» **Required work**
What is needed is an exact repeat of the lines from the one holding "Main Image - Le" through the final line of the data, with no pictures.

» **Dataset section**
....

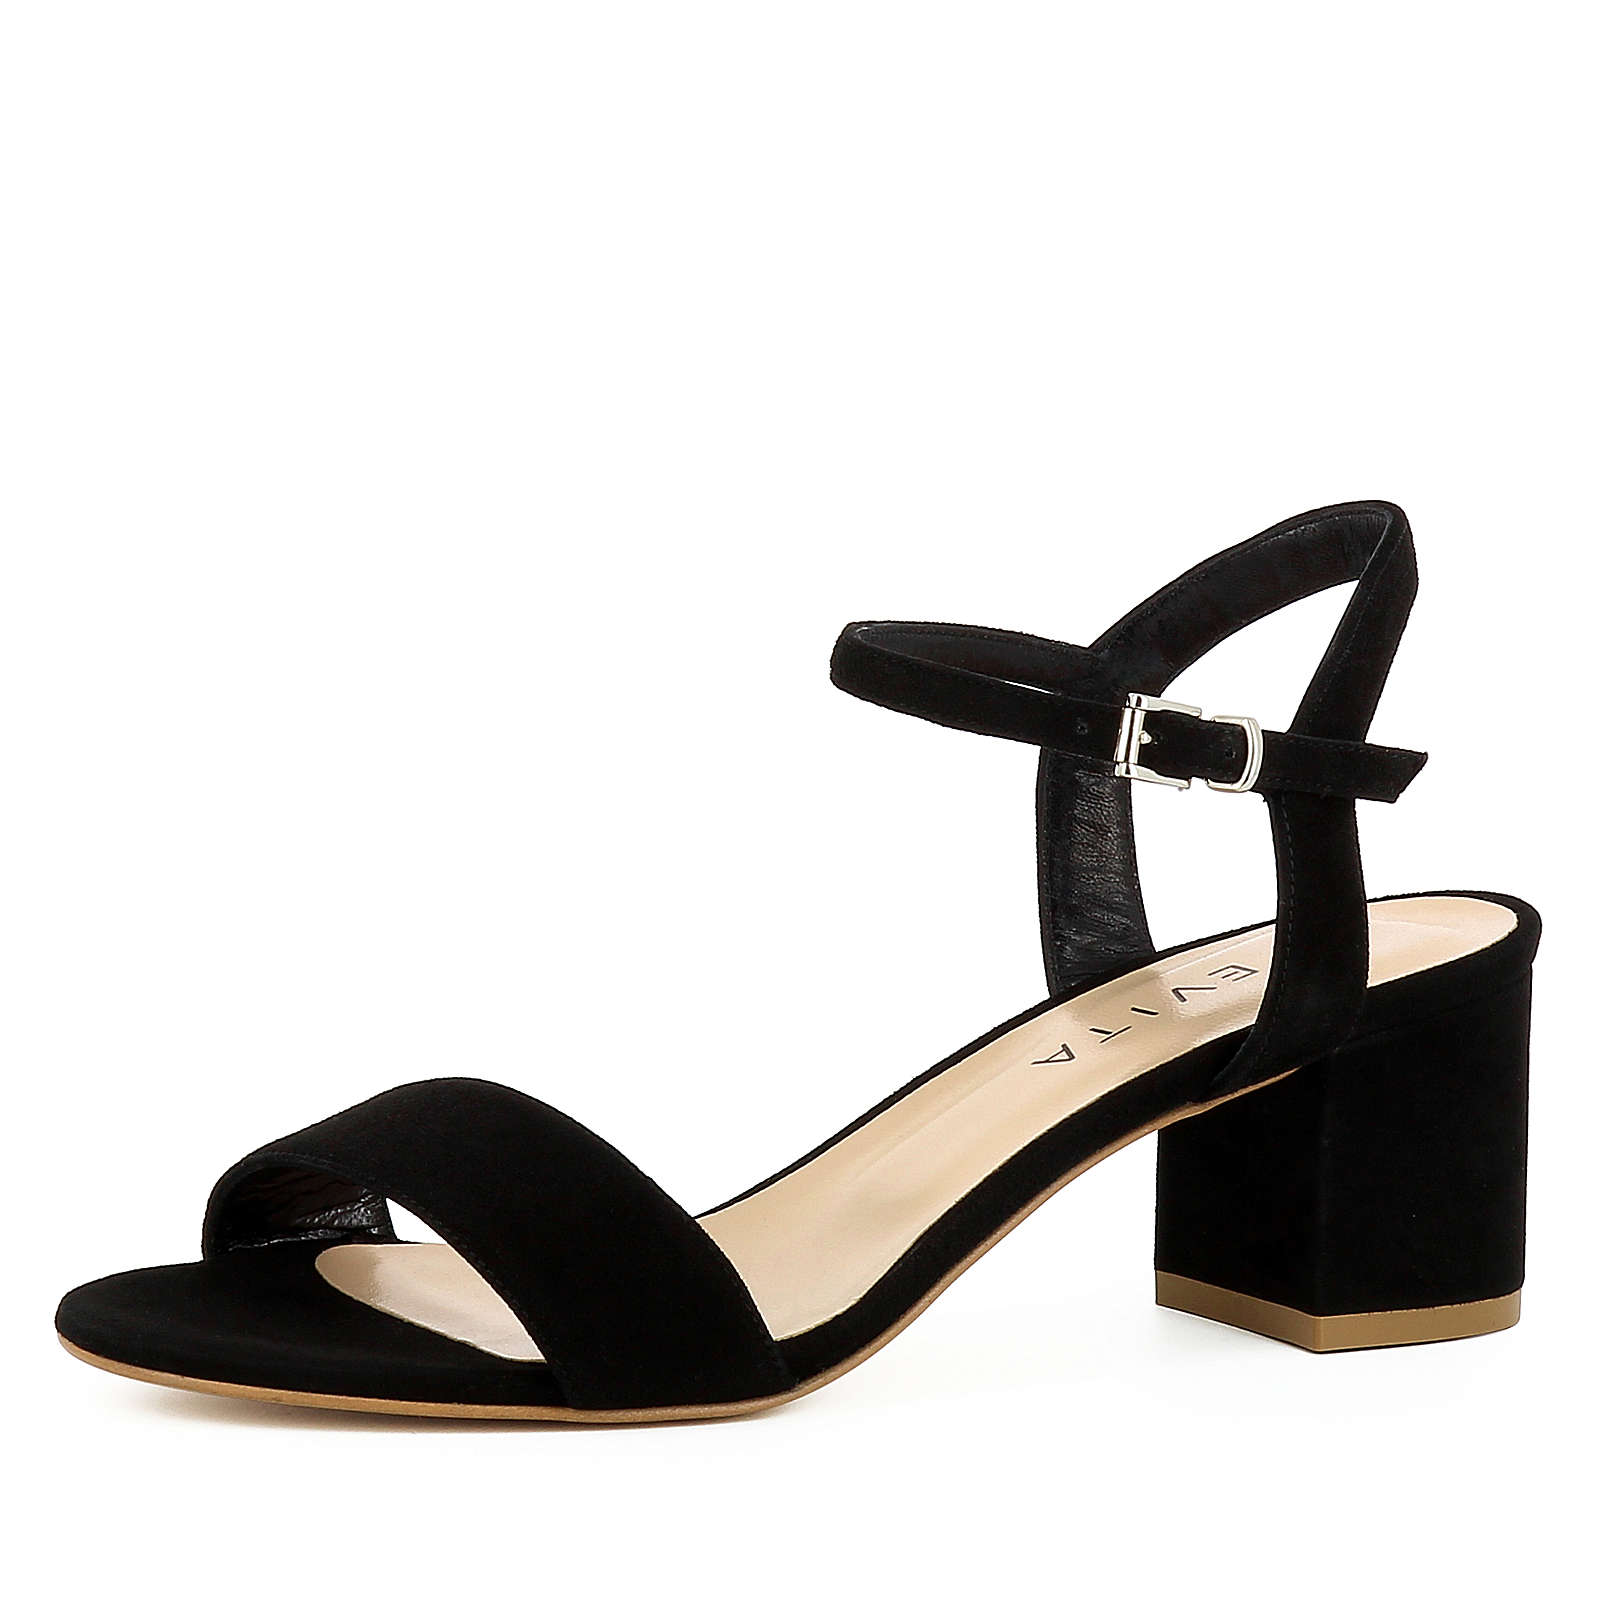 Evita Shoes MARIELLA Klassische Sandaletten schwarz Damen Gr. 37
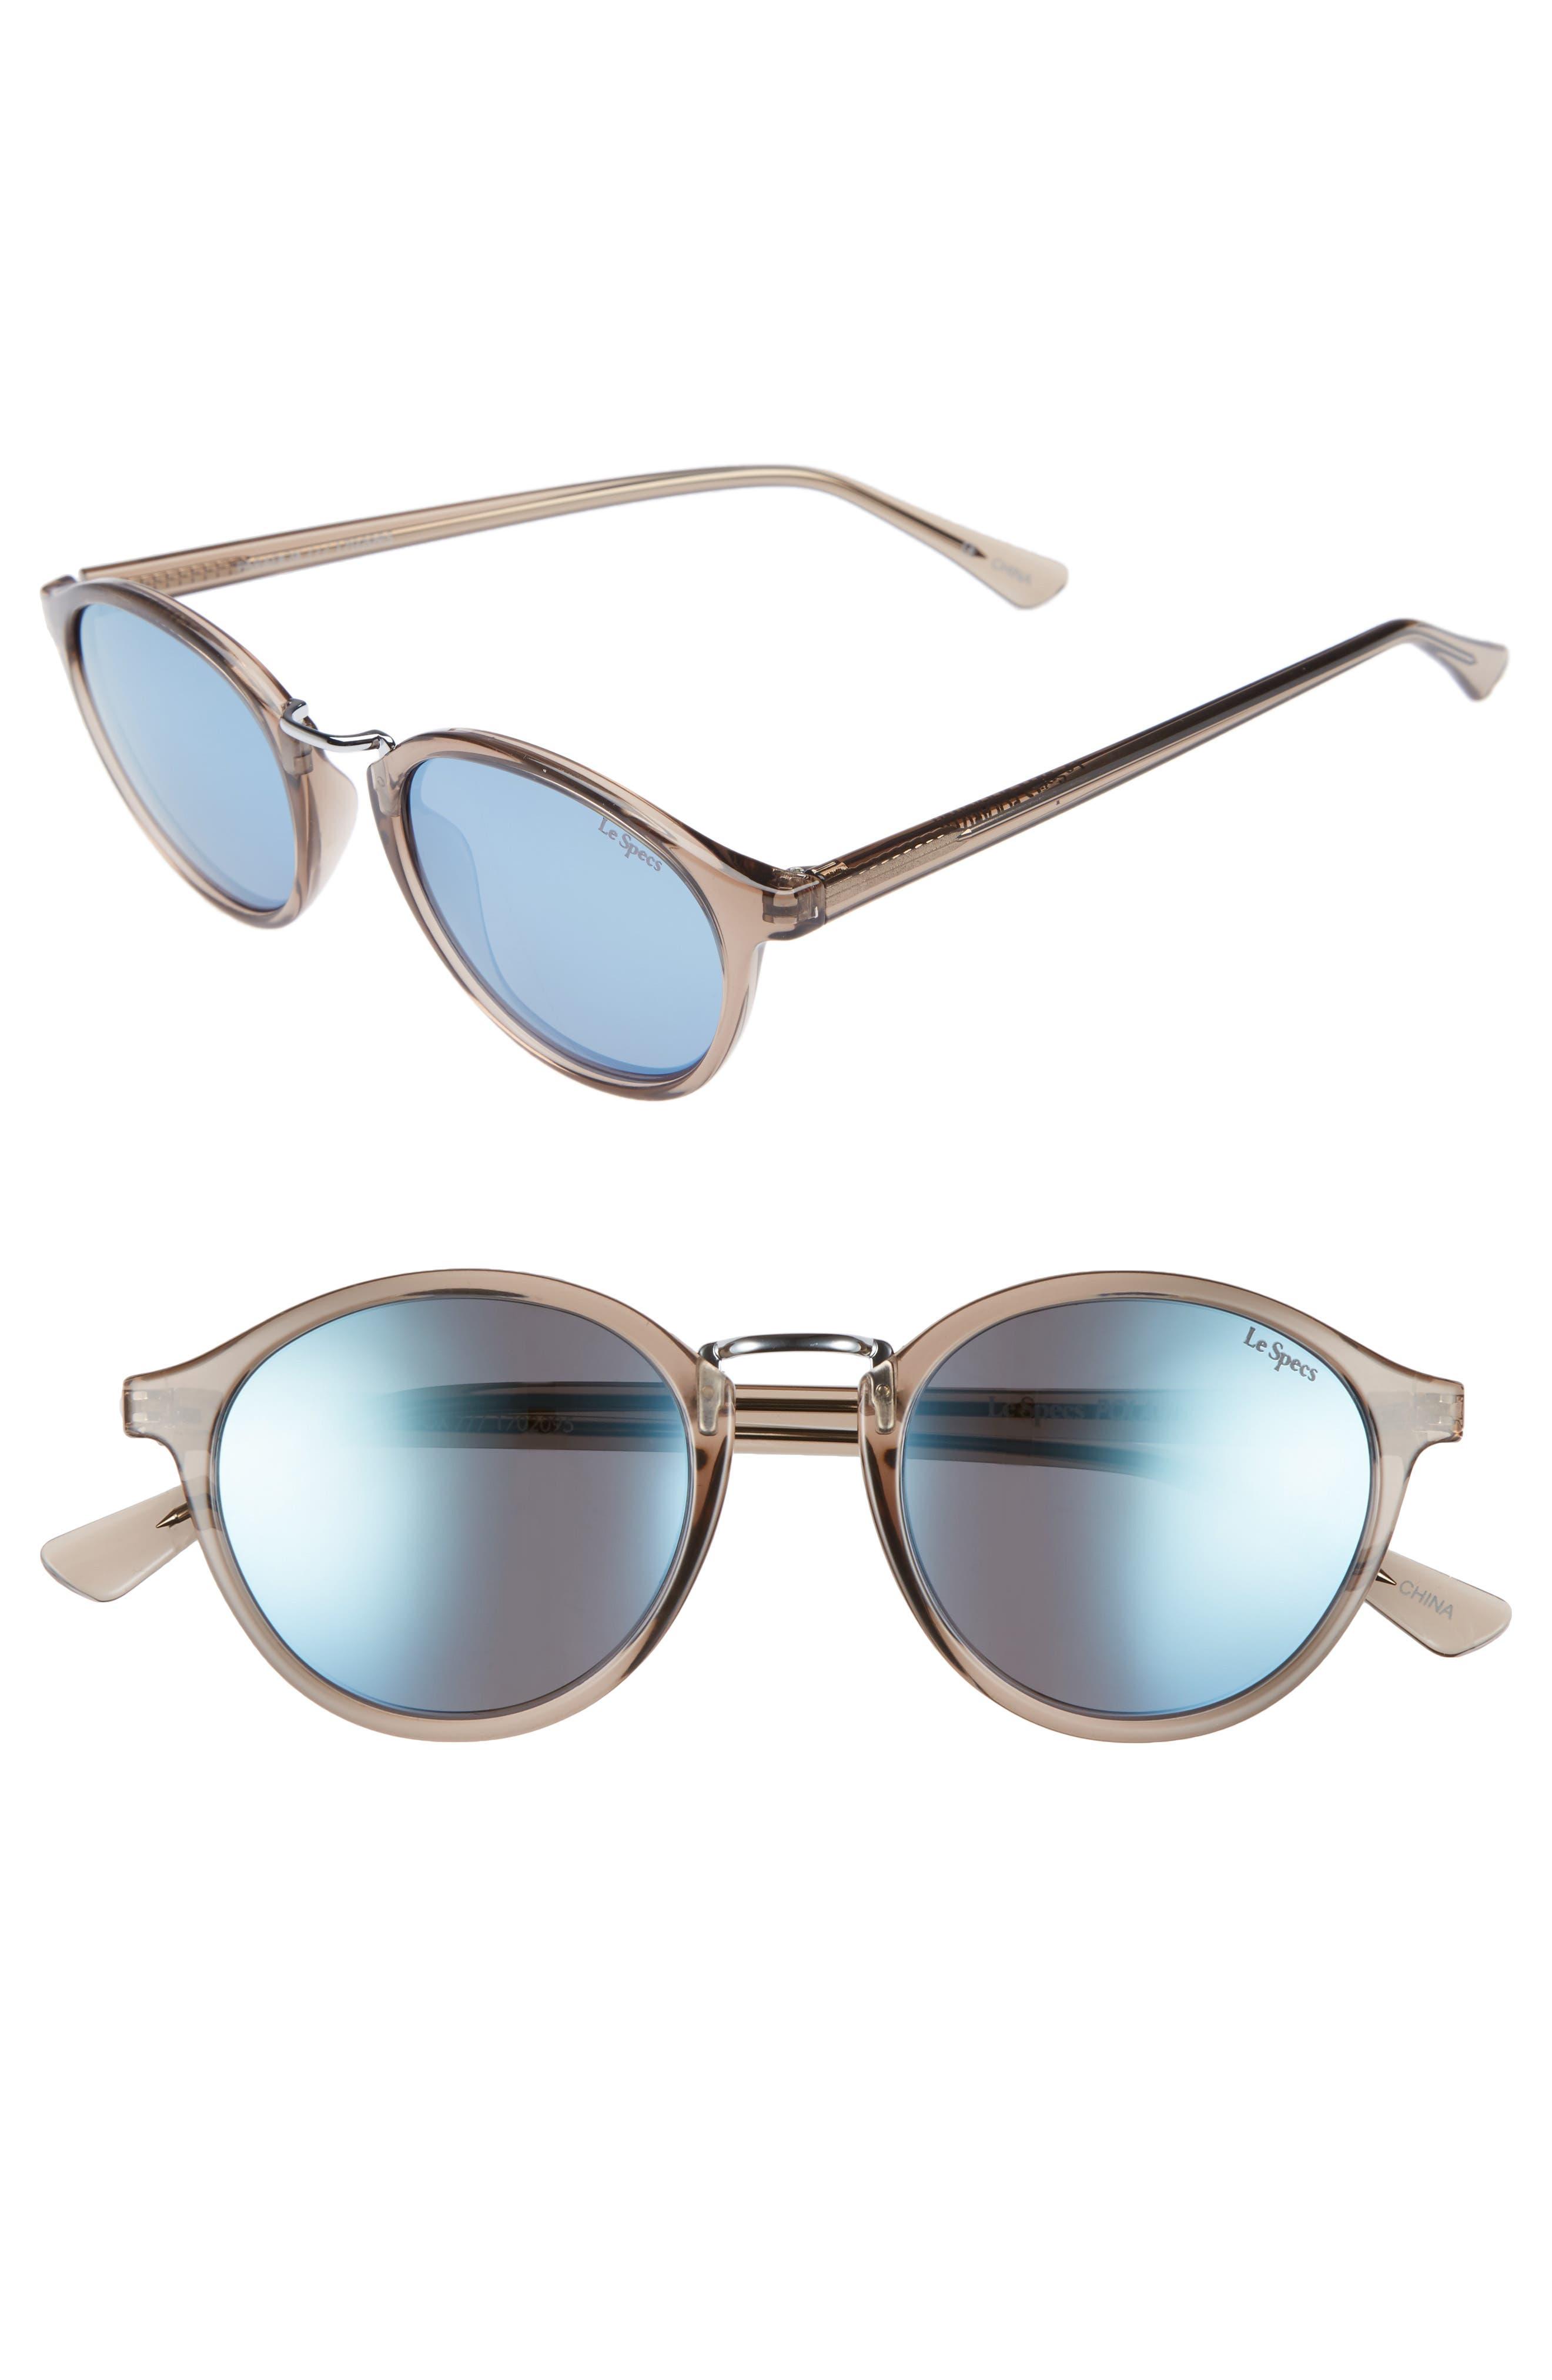 Main Image - Le Specs Paradox 49mm Oval Sunglasses
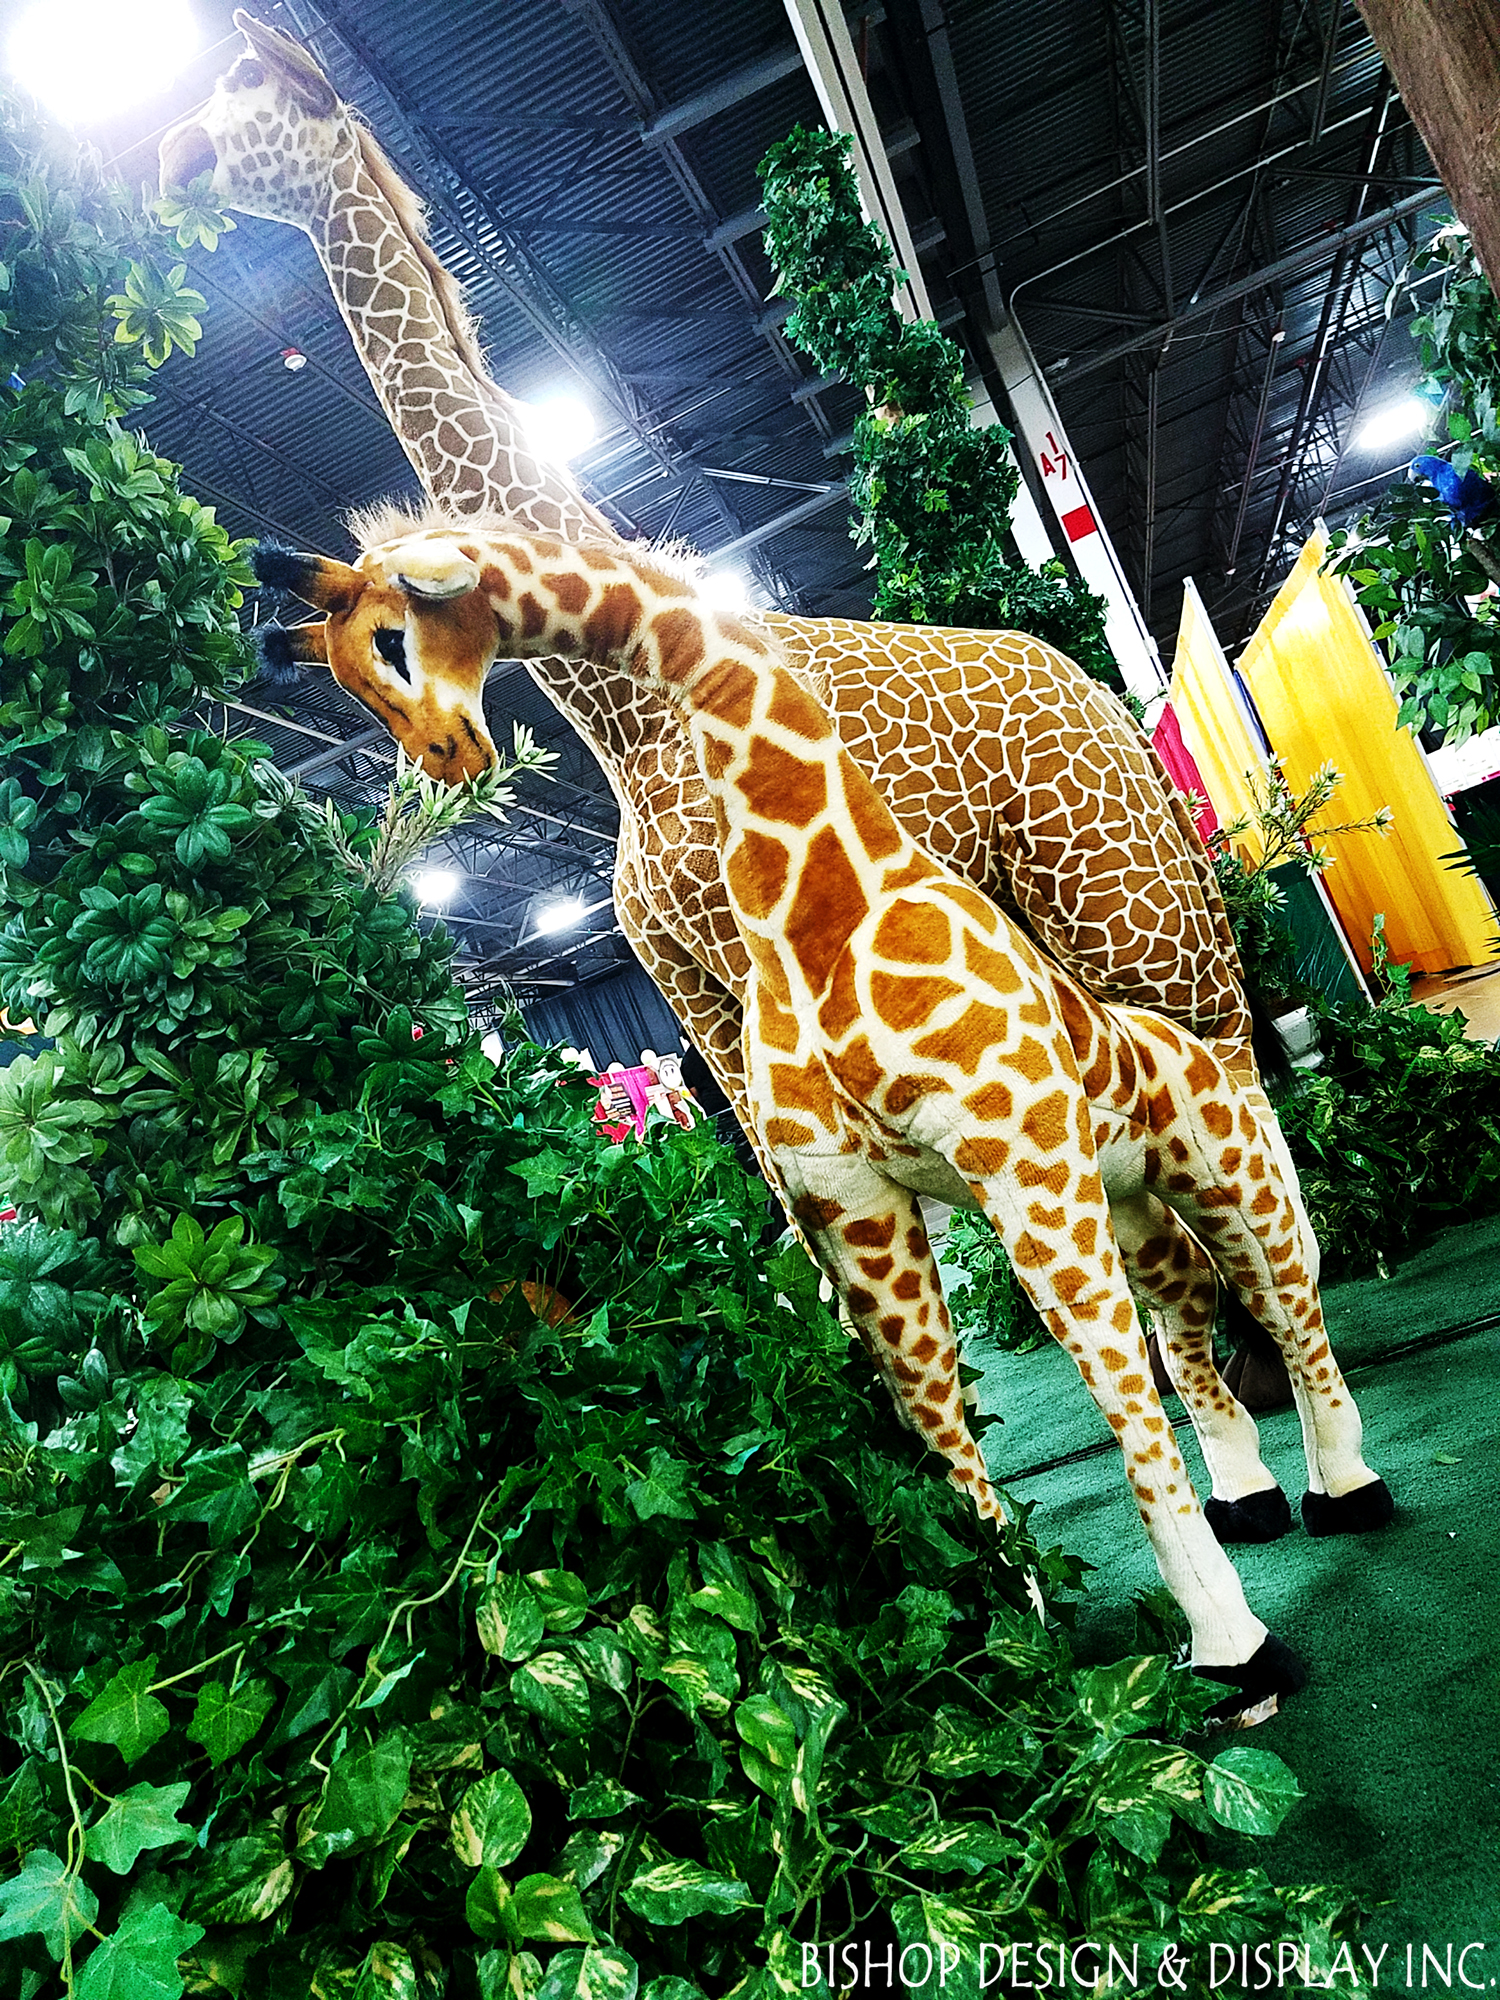 Plush Giraffes

....

» **Task response**
 Main Image - Le Specs Paradox 49mm Oval Sunglasses
 Plush Giraffes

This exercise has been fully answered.